Your copy should hold exactly the lines from the beginning of the listing below through the line with "Creamy and nutritious", without any pictures.

────

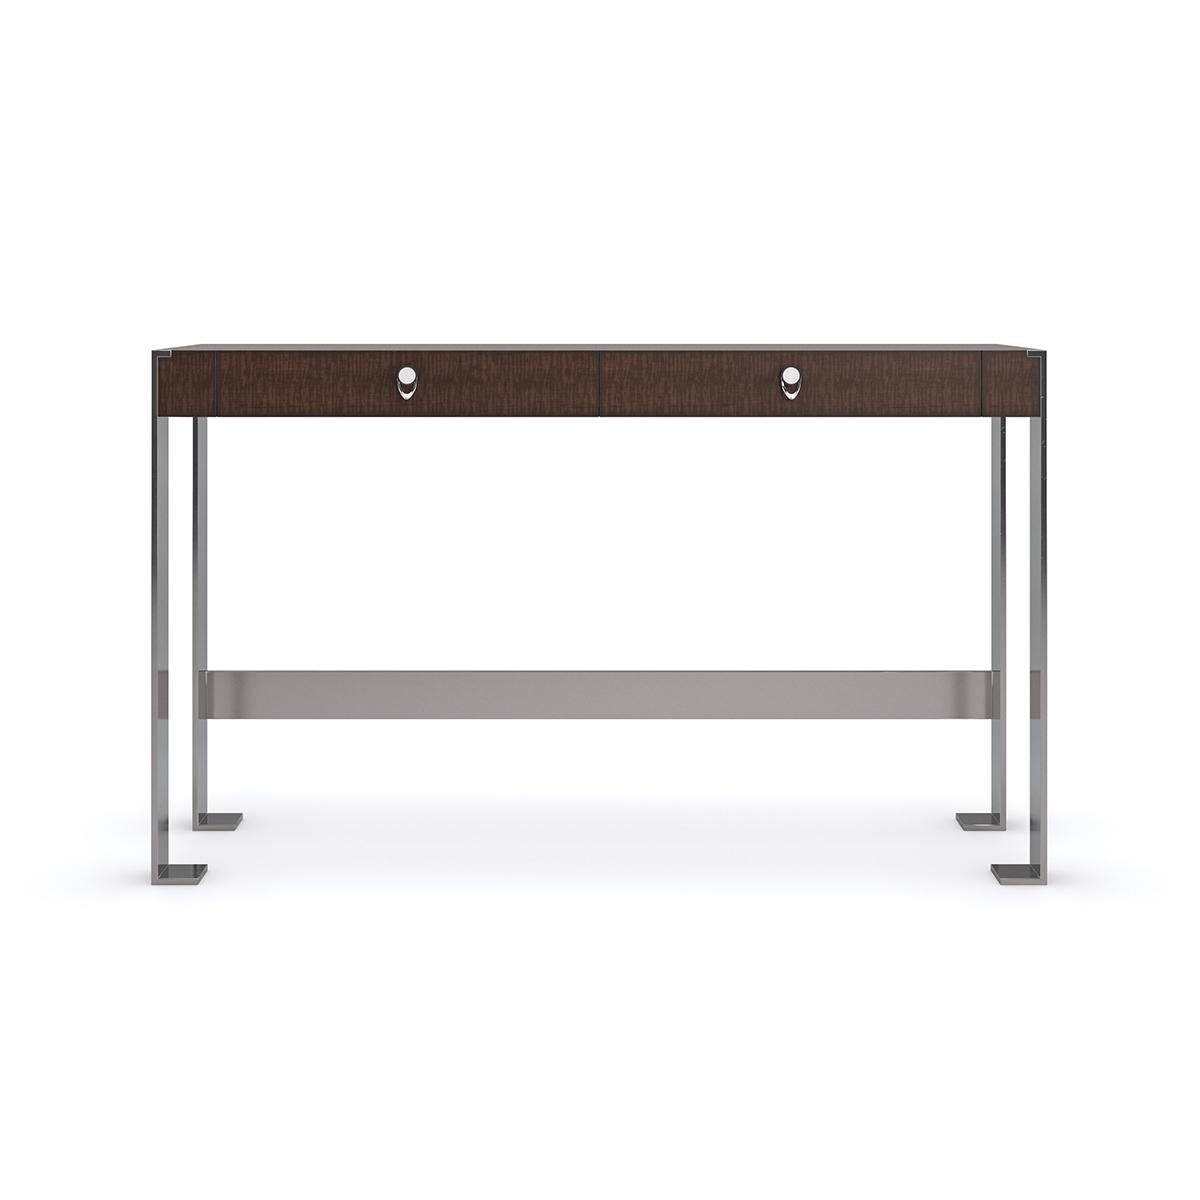 Modern Sycamore Console, a mix of figured sycamore veneers and metal. Features two drawers with contrasting Cloud White interiors. A mix of modern and industrial offers a versatile console or standing desk.

Dimensions: 68
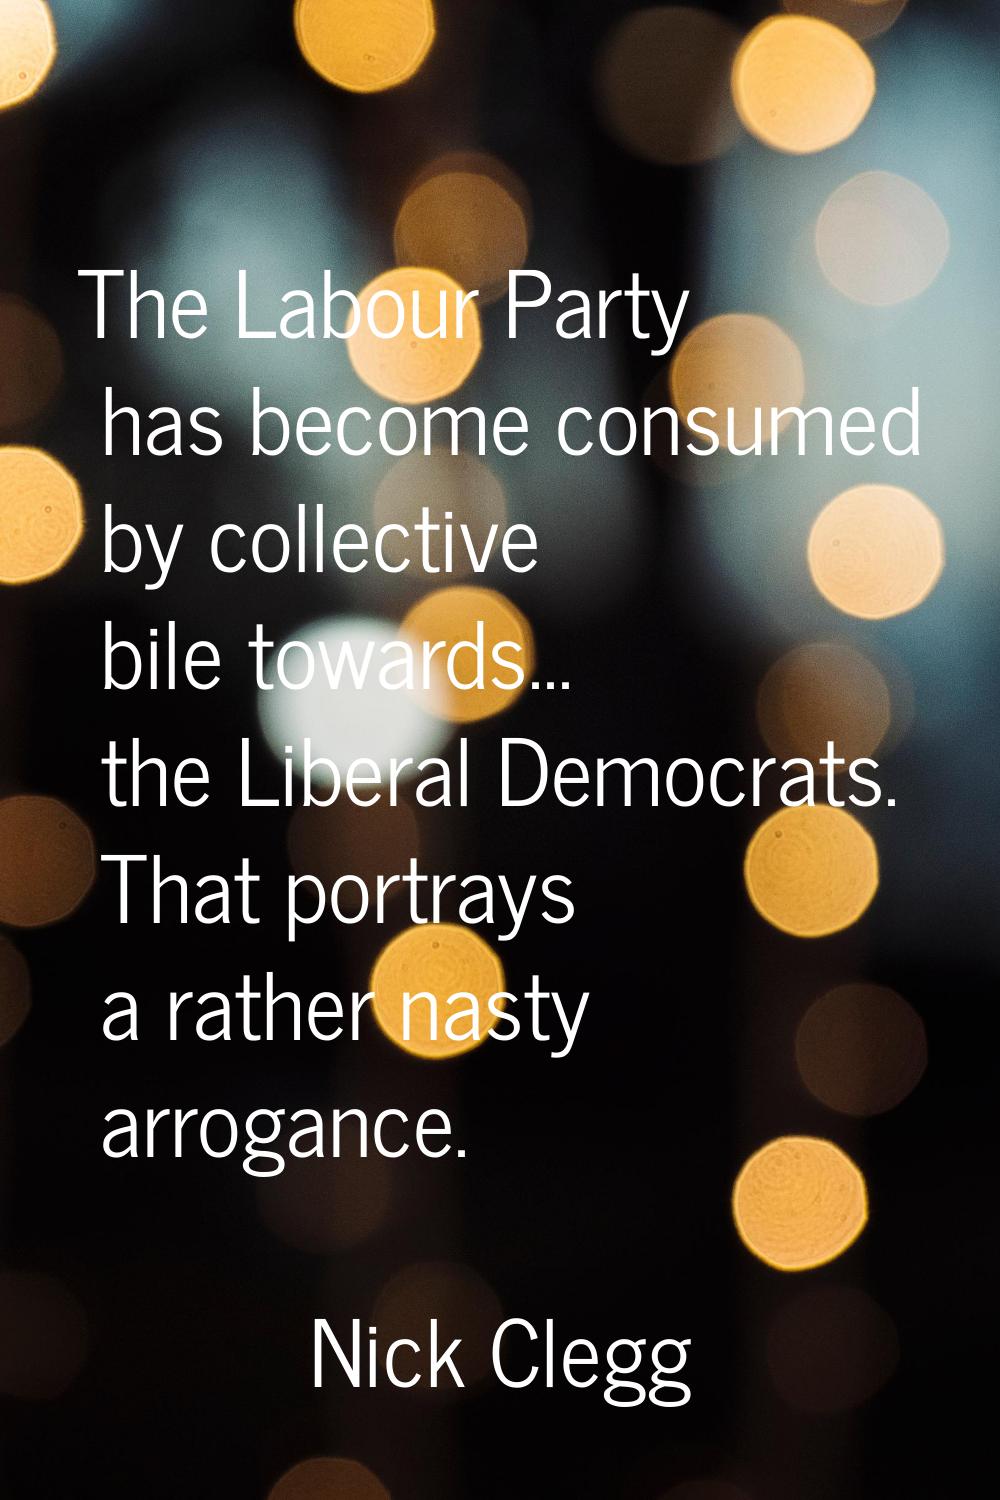 The Labour Party has become consumed by collective bile towards... the Liberal Democrats. That port
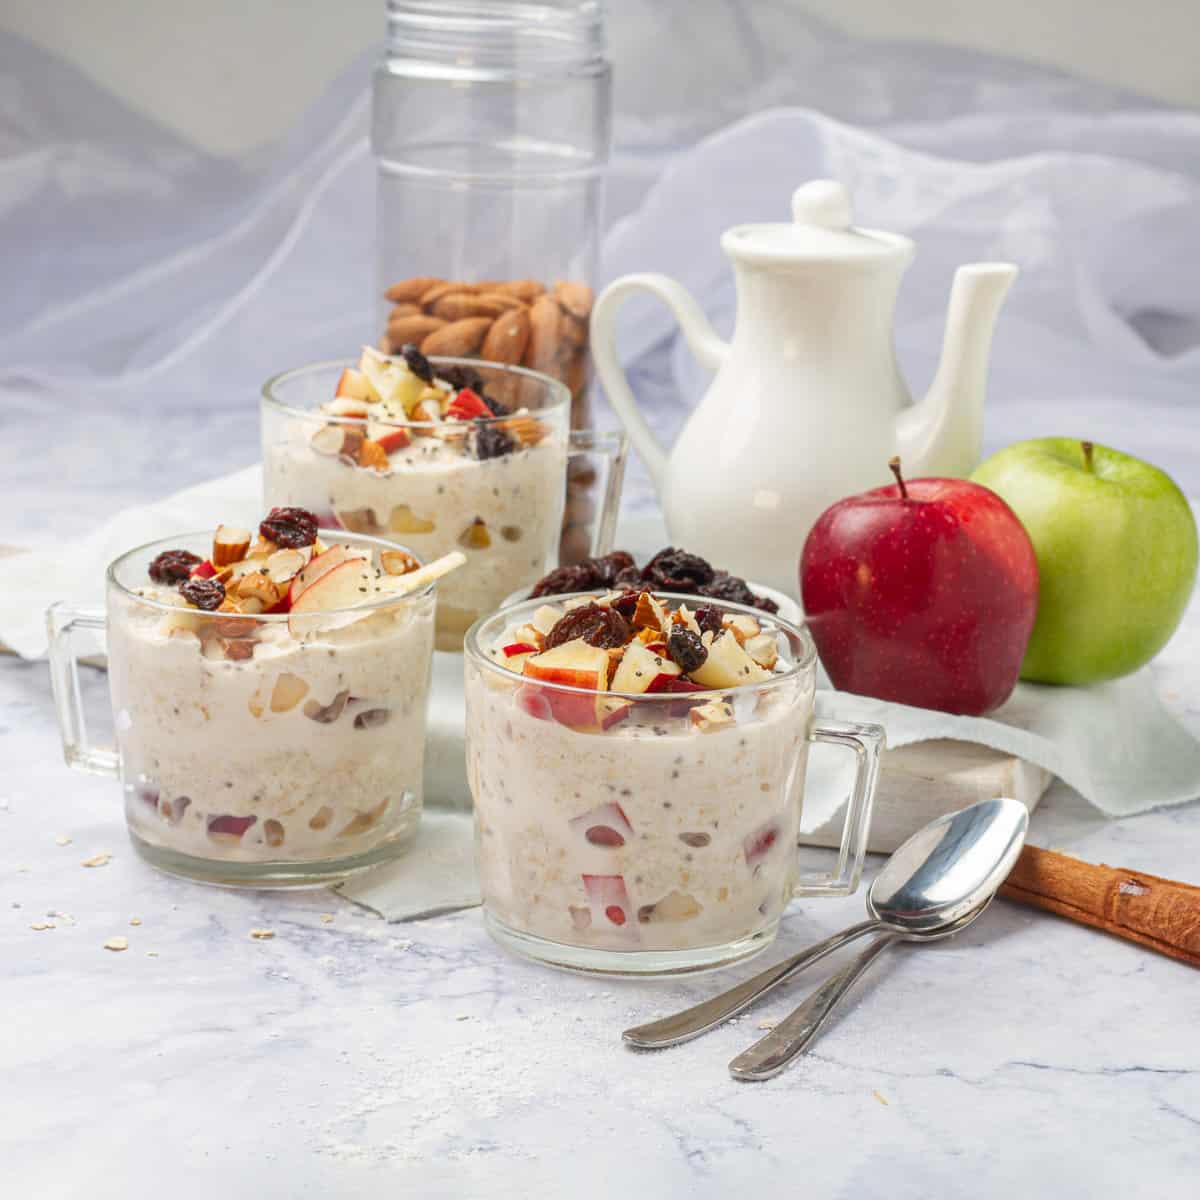 Creamy and nutritious apple overnight oats with fresh fruit and nuts.
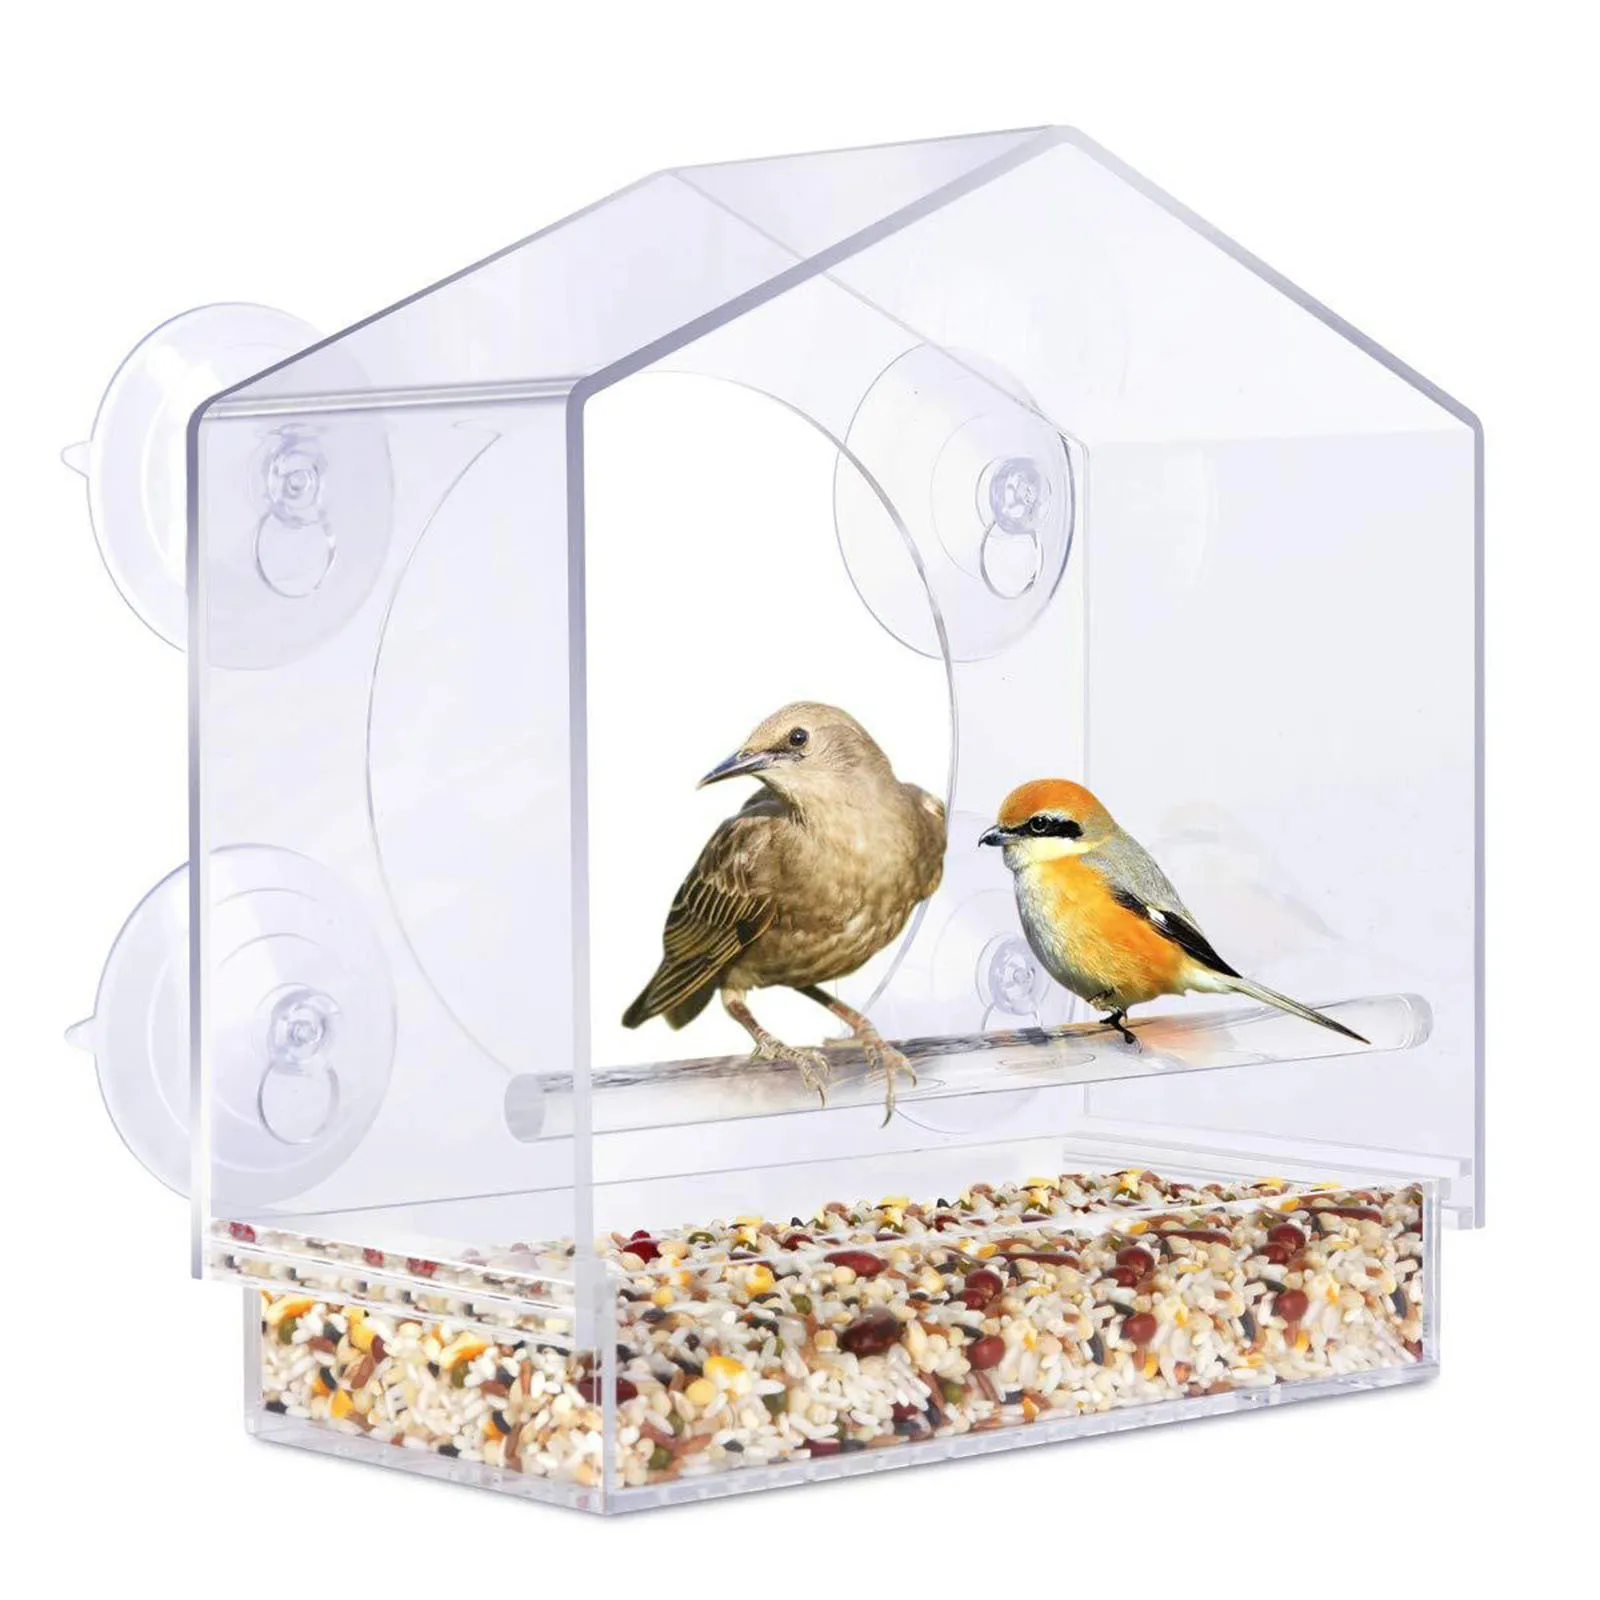 Acrylic Window Suction Cup bowls and bowls Birdhouse Villa bird feeder cage Bird feeder Clear plates and bowls set tableware

────

(ANSWER SPACE):
 Modern Sycamore Console, a mix of figured sycamore veneers and metal. Features two drawers with contrasting Cloud White interiors. A mix of modern and industrial offers a versatile console or standing desk.

Dimensions: 68
 The Labour Party has become consumed by collective bile towards... the Liberal Democrats. That port
 Creamy and nutritious apple overnight oats with fresh fruit and nuts.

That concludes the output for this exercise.